Decision theoretic set estimation
Outline
Topics
- Deriving a set estimate from decision theory.
Rationale
We have seen in week 2 some examples of set estimates (quantile based, highest density set).
These are actually special cases of decision theory with specific choices of loss functions.
This page provides a general framework to answer the question: “how to summarize a posterior distribution with one set?”
Context
- The weakness of point estimates is that they do not capture the uncertainty around the value.
- Idea: instead of returning a single point, return a set of points
- usually an interval,
- but this can be generalized
- Bayesian terminology: credible interval (\(\neq\) frequentist confidence intervals)
- Goals:
- We would like the credible interval to contain a fixed fraction of the posterior mass (e.g. 95%)
- At the same time, we would like this credible interval to be as short as possible given that posterior mass constraint
Bayes estimator formalization
Pick:
- \(A = \{[c, d] : c < d\}\),
- consider the loss function given by \[ L([c, d], x) = \mathbb{1}\{x \notin [c, d]\} + k (d - c) \] for some tuning parameter \(k\) to be determined later.
We get:
\[ \begin{aligned} \delta_{\text{B}}(Y) &= \operatorname{arg\,min}\{ \mathbb{E}[L(a, X) | Y] : a \in A \} \\ &= \operatorname{arg\,min}\{ \Pr[X \notin [c, d] | Y] + k(d - c) : [c,d] \in A \} \\ &= \operatorname{arg\,min}\{ \Pr[X < c|Y] + \Pr[X > d |Y] + k(d - c) : [c,d] \in A \} \\ &= \operatorname{arg\,min}\{ \Pr[X \le c|Y] + 1 - \Pr[X \le d |Y] + k(d - c) : [c,d] \in A \} \\ &= \operatorname{arg\,min}\{ \Pr[X \le c|Y] - \Pr[X \le d |Y] + k(d - c) : [c,d] \in A \} \end{aligned} \]

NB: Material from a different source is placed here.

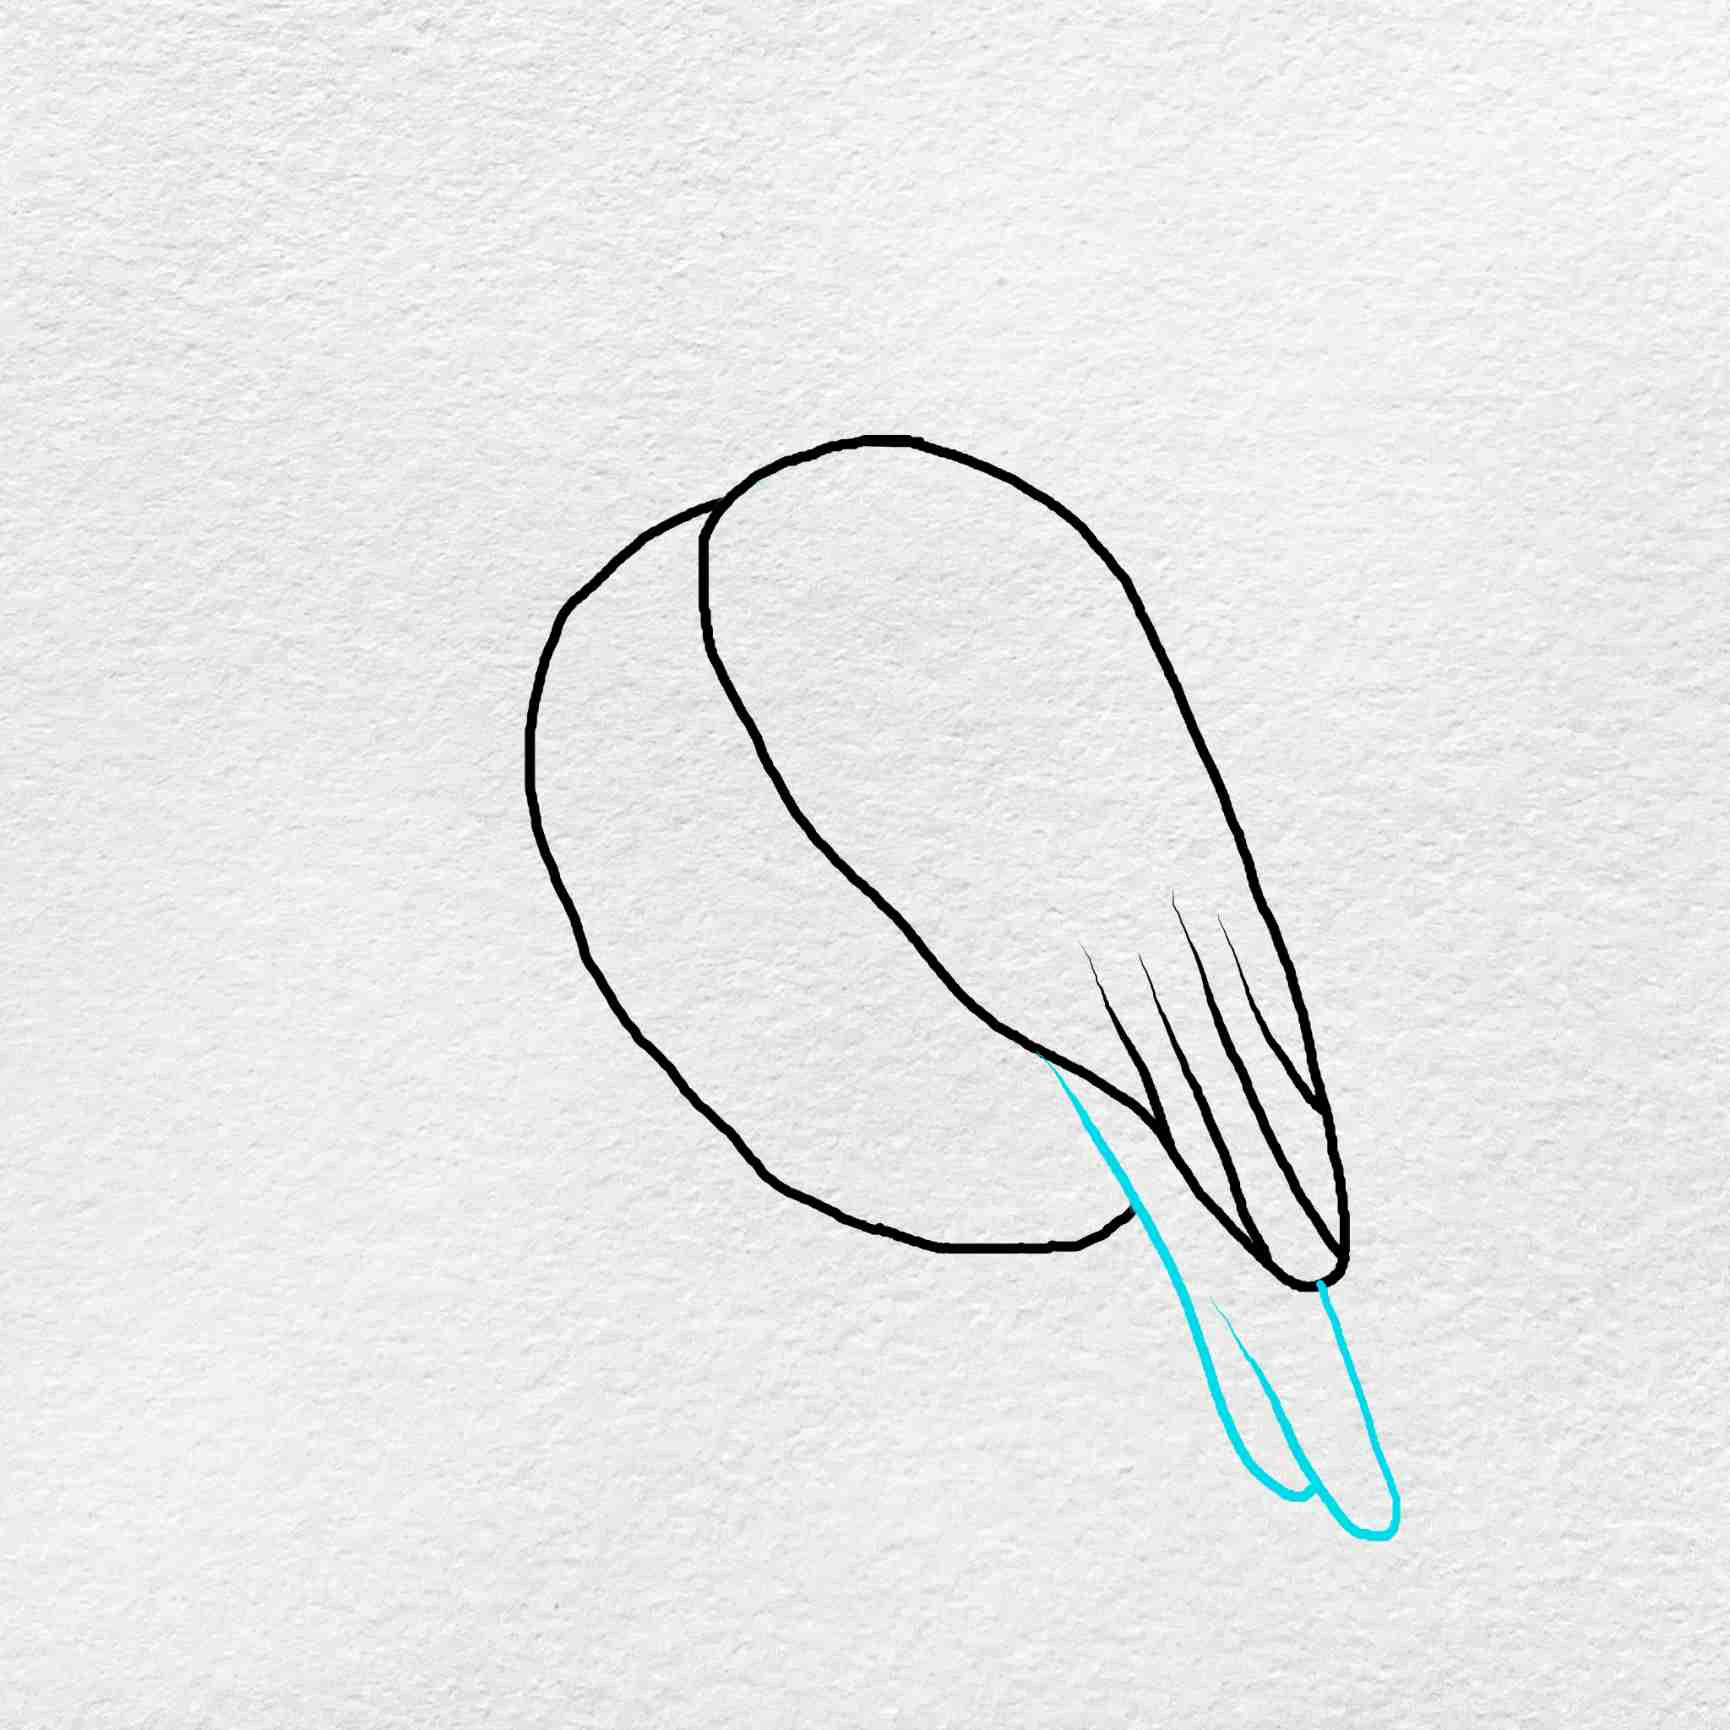 Snowy Owl Drawing: Step 3

Here we assume the posterior has a continuous density \(f\) to change \(<\) into \(\le\). We have also used that removing “\(+1\)” does not change the value of the \(\operatorname{arg\,min}\).

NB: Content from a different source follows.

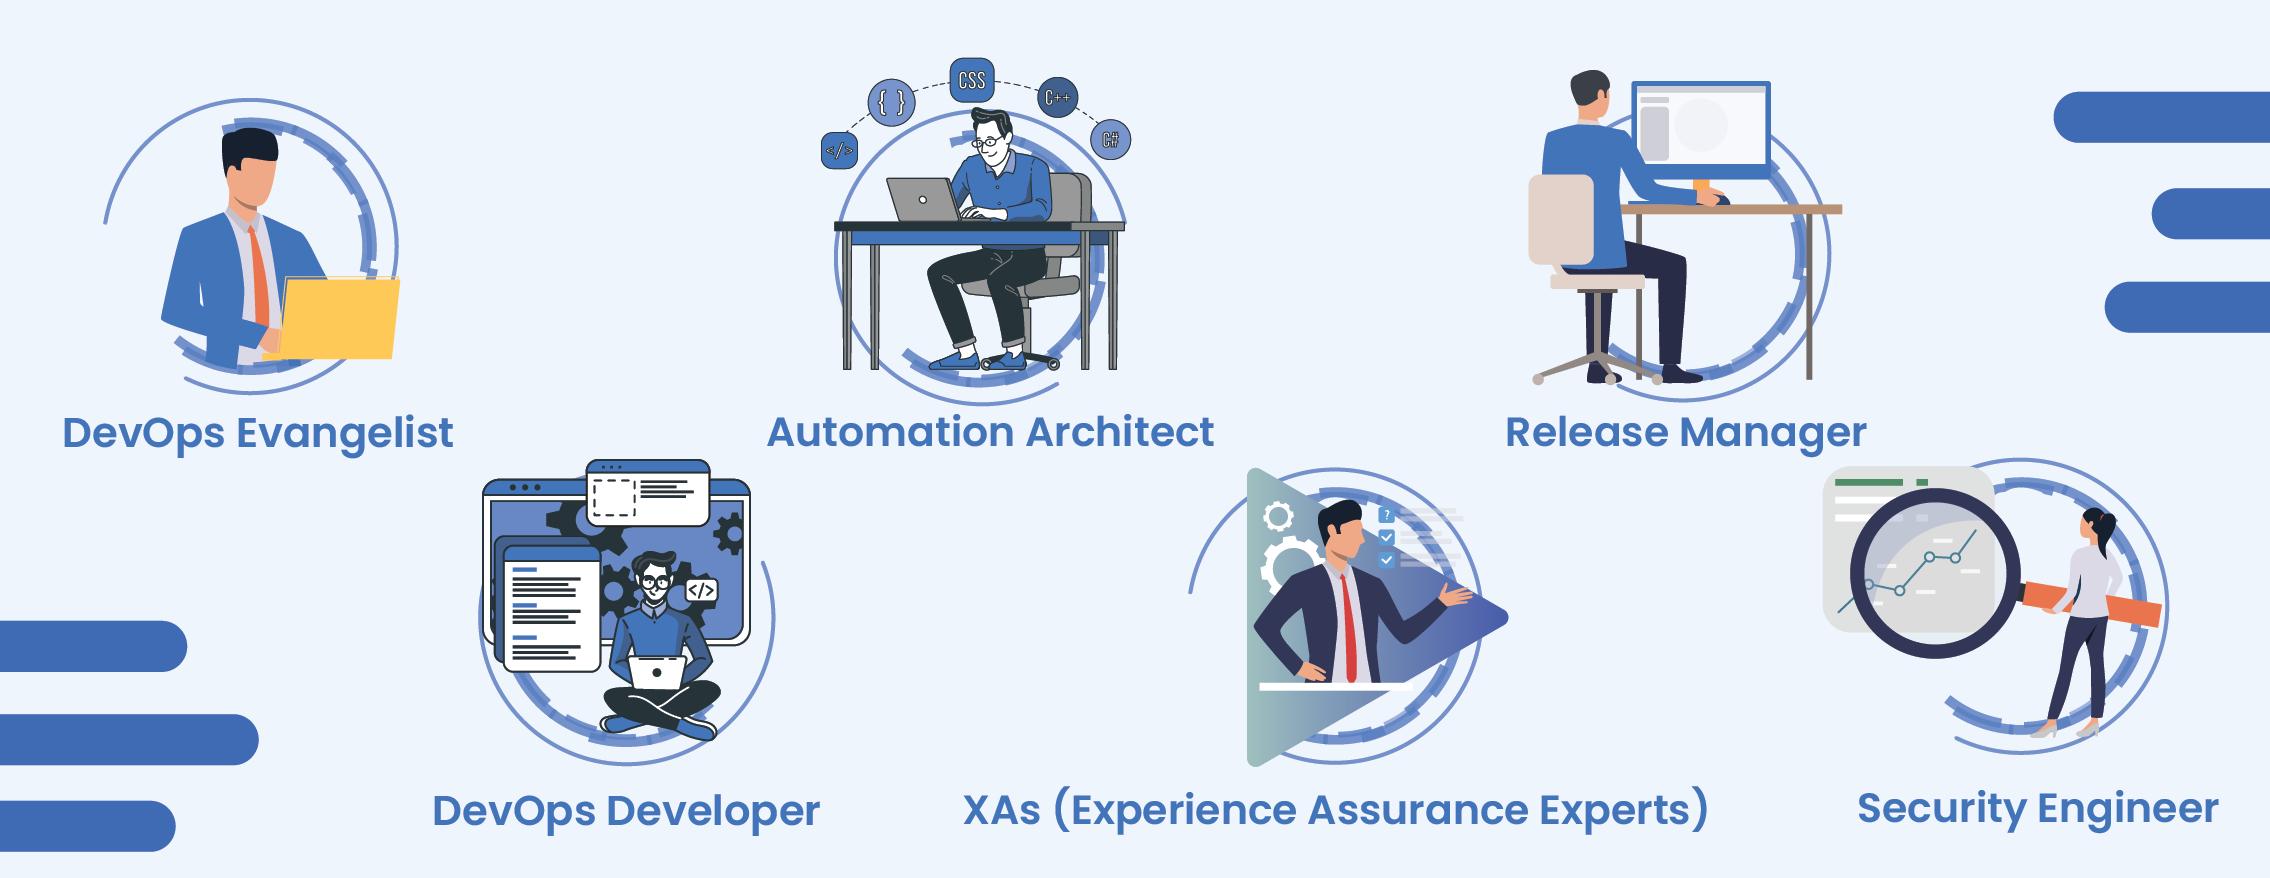 Various DevOps Job Roles and Responsibilities

As we did with point estimation, we take the derivative with respect to \(c\) and set to zero (then will do the same thing for \(d\)).
Notice that \(\Pr[X \le c|Y]\) is the posterior cumulative distribution function (CDF)1, so taking the derivative with respect to \(c\) yields a density:2
\[ f_{X|Y}(c) - k = 0, \]

so we see the optimum will be the smallest interval \([c, d]\) such that \(f(c) = f(d) = k\).
Finally, set \(k\) to capture say 95% of the mass (area in red in the figure shows a 50% example, we would lower \(k\) to get to 95%).
Footnotes
Recall that a CDF is defined as \(F(x) = \mathbb{P}(X \le x)\). So a posterior CDF is just \(\mathbb{P}(X \le x | Y)\).↩︎
Let us review the argument why “taking the derivative … yields a density”. Let \(f\) denote a density and \(F\), the CDF of the same random variable. From the definition of a density, \(F(x) = \int_{-\infty}^x f(x') \mathrm{d}x'\) (i.e., take \(A = [-\infty, x]\) in the definition of a density). Hence by the Fundamental theorem of calculus (i.e. the fact that an integral is an “anti-derivative”), we have that \[f(x) = \frac{\mathrm{d}F(x)}{\mathrm{d}x},\] when the derivative exists.↩︎